* A análise dos fenômenos da memória, que Ricœur desenvolve na primeira parte de A Memória, a História, o Esquecimento (*MHE*), segue uma ordem precisa, pautada pelas perguntas “o quê, como, quem?”.
* A investigação começa com o “momento objetivo” (*MHE 4*) da memória, ou seja, com os suvenires (lembranças), que se apresentam como dados irrefutáveis (agradáveis ou desagradáveis), espelhando o início da *A Falibilidade do Humano* na síntese transcendental.
* A prioridade intencional (a pergunta “de que há lembrança?” ou “de que se lembra?”) sobre a pergunta egológica (“de quem é a memória?”) (*MHE 3*) é uma escolha com consequências significativas.
A análise intencional tem o mérito de prevenir contra a tentação de reduzir a memória ao domínio da imaginação.

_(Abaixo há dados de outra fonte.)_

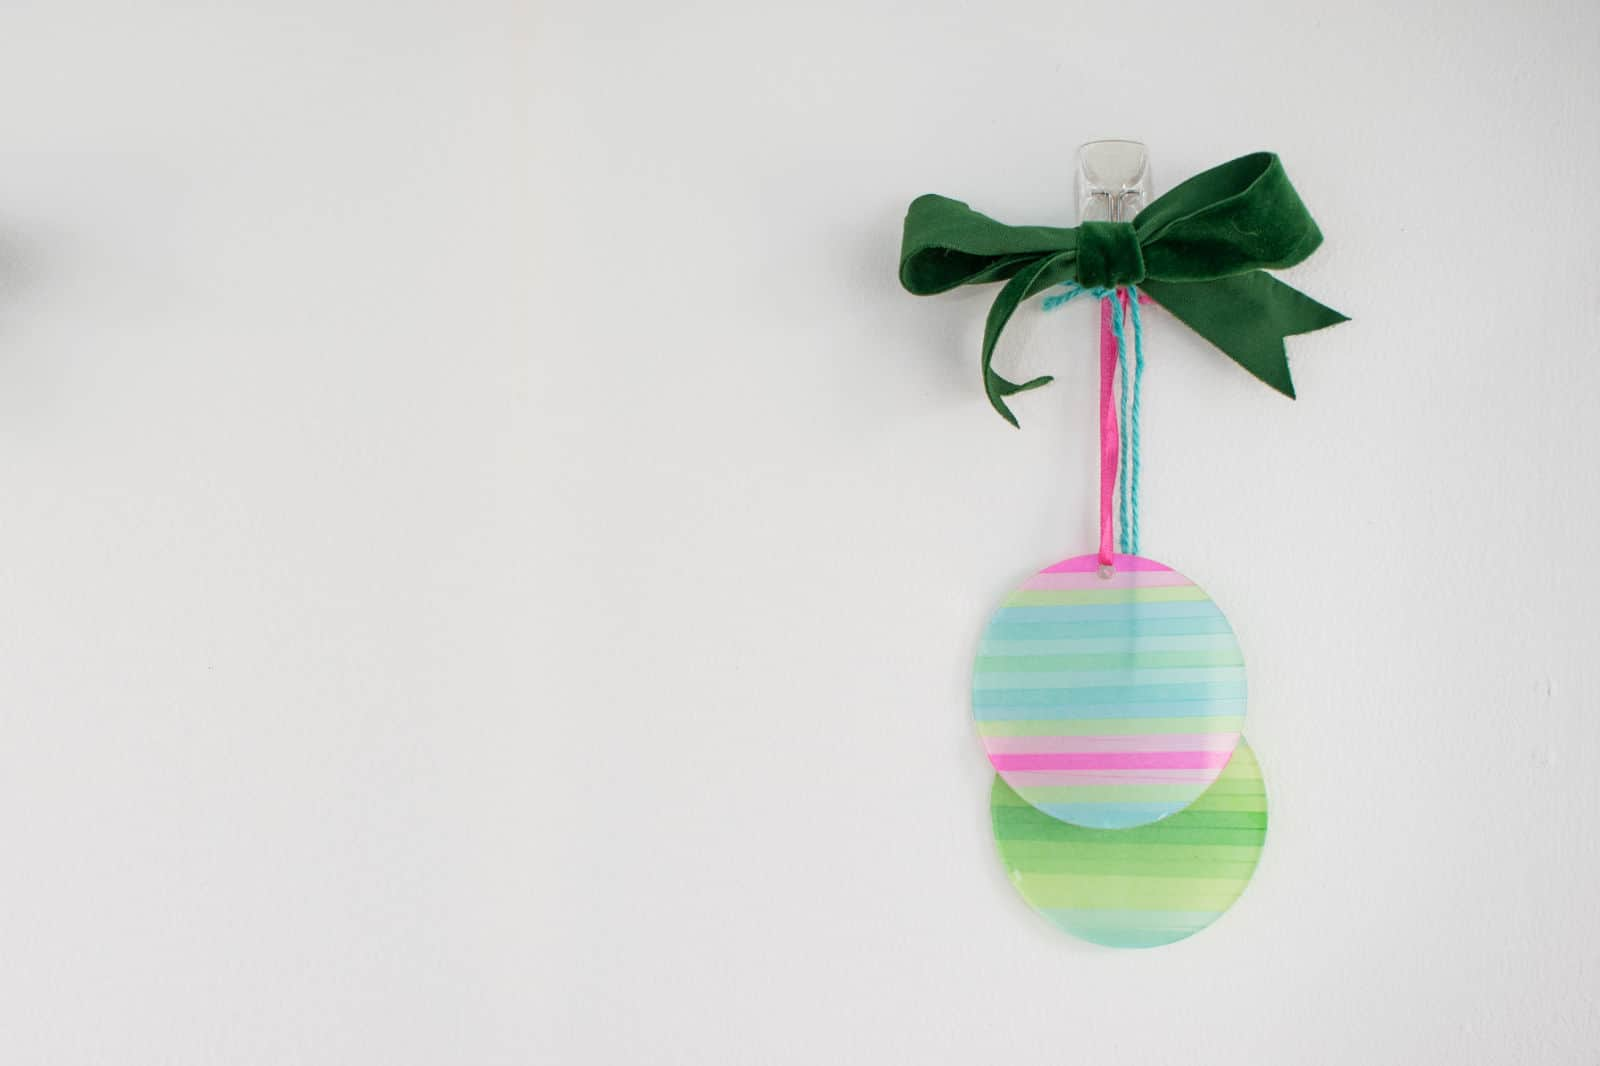 ACrylic washi tape ornament

Essa abordagem preserva a diferença eidética entre duas visadas intencionais irredutíveis: a da memória, que visa a anterioridade, e a da imagem, que visa a ficcionalidade.
A principal dificuldade é compreender a função propriamente temporalizante da lembrança, refletida no enunciado de Aristóteles: “a memória é do tempo,” o qual Ricœur adota como estrela guia de toda a sua investigação.
Aristóteles pavimenta o caminho para a fenomenologia da memória ao convidar à descrição dos fenômenos mnemônicos com foco nas “capacidades das quais eles constituem a efetuação 'feliz'” (*MHE 26*), e não nas deficiências ou falhas da memória.
O que se procura é pensar uma “memória feliz” ou “saudável,” cuja imagem adquire novas valências no decorrer da análise, representando as diversas facetas da capacidade fundamental de se lembrar.
A tarefa específica da fenomenologia da memória é dar conta das múltiplas formas pelas quais o “ser-do-passado” pode se manifestar.
Essa tarefa apresenta um aspecto fragmentado, mas possibilita a constituição de uma tipologia baseada nas perguntas “de que se lembra?”, “como se lembra?” e “quem se lembra?”.
Mesmo a análise dos noemas (o conteúdo da lembrança) impõe a introdução de diferenças na multiplicidade dos suvenires.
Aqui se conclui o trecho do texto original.